This totally changed the culture of the group.  There were now more females than males and the males that were left were less aggressive toward less dominant males (although apparently not toward their peers) and toward females.  

For some reason, the researchers lost interest in this troop that they were studying, and they began studying another baboon troop--although they kept informal tabs on the first troop (which they called the Forest troop).  The deaths of the dominant males happened between 1982 and 1986.  Observations of the group stopped around 1986.  In 1993, the researchers began studying the Forest troop again and were surprised to find out that the less aggressive culture persisted.  This was surprising to them because male baboons, as they age, leave the troop they were with and bond with females in another troop.  By 1993 there were no adult males that had been with the troop in 1986, yet the behavior change that happened with the death of the aggressive males persisted.

As the researchers put it: “A decade after the deaths of the more aggressive males in the troop, Forest Troop preserved a distinct social milieu accompanied by distinct physiological correlates.
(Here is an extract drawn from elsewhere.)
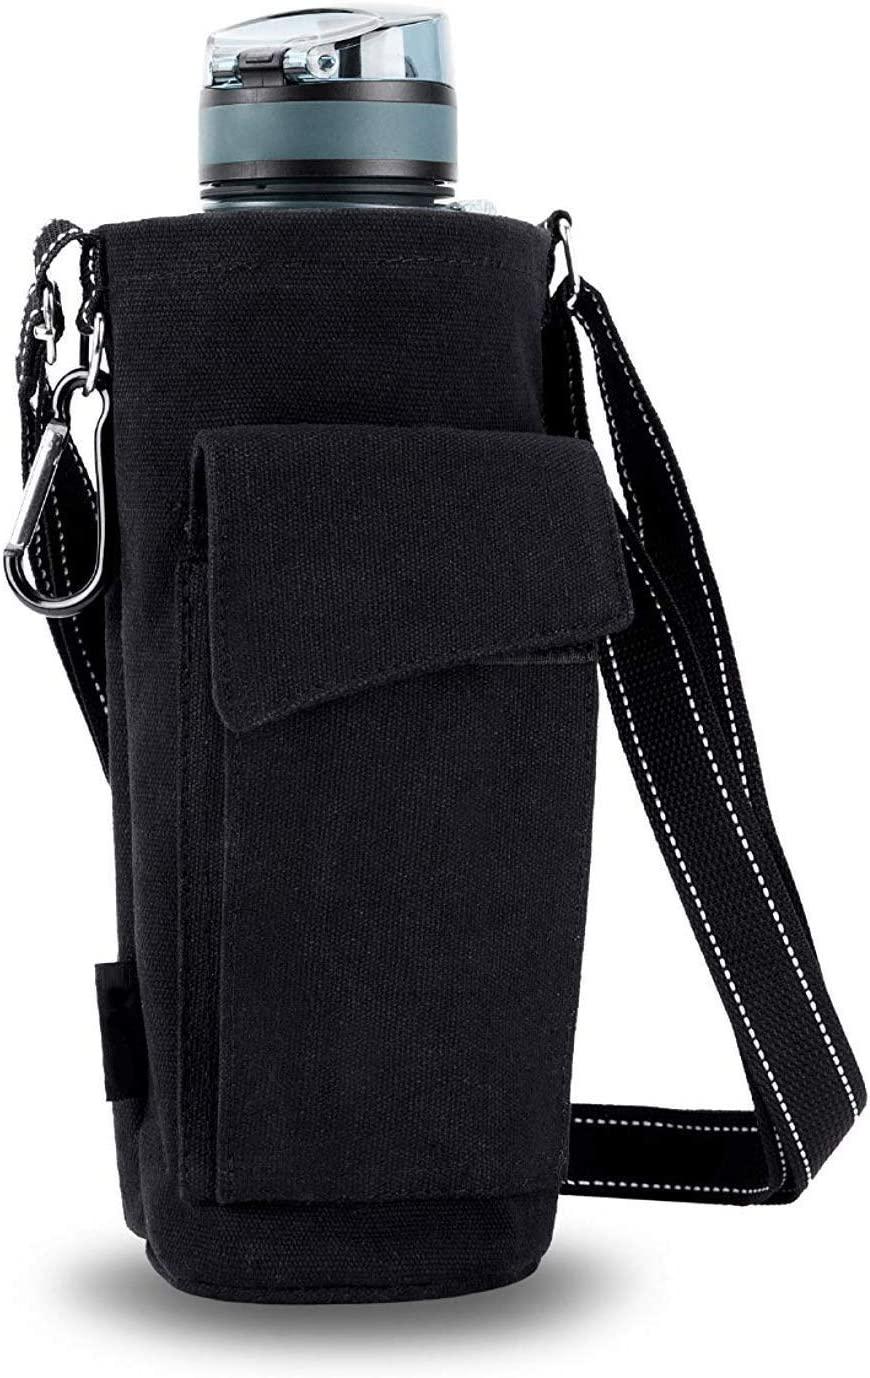 POPRUN Water Bottle Holder for Walking, 50oz Water Bottle Carrier Pouch Bag with Adjustable Shoulder/Hand Strap 2 Pockets for Biking/Hiking/Travel/Camping, Black

Critically, as noted, no adult males …  had been troop members at the end of the tuberculosis outbreak. Instead, these males had subsequently transferred in as adolescents, adopting the local social style. A number of investigators have emphasized how a tolerant and gregarious social setting facilitates social transmission…”  The more tolerant and less aggressive culture persisted as incoming males adopted or were socialized to the new culture.

In some ways it’s as if the baboons shifted from a ‘chimp-like’ way of relating to a ‘bonobo-like’ way of relating and that difference persisted through a complete shift in the male members of the troop.  I wonder what that says about ways we can change human society--short of poisoning all the aggressive males.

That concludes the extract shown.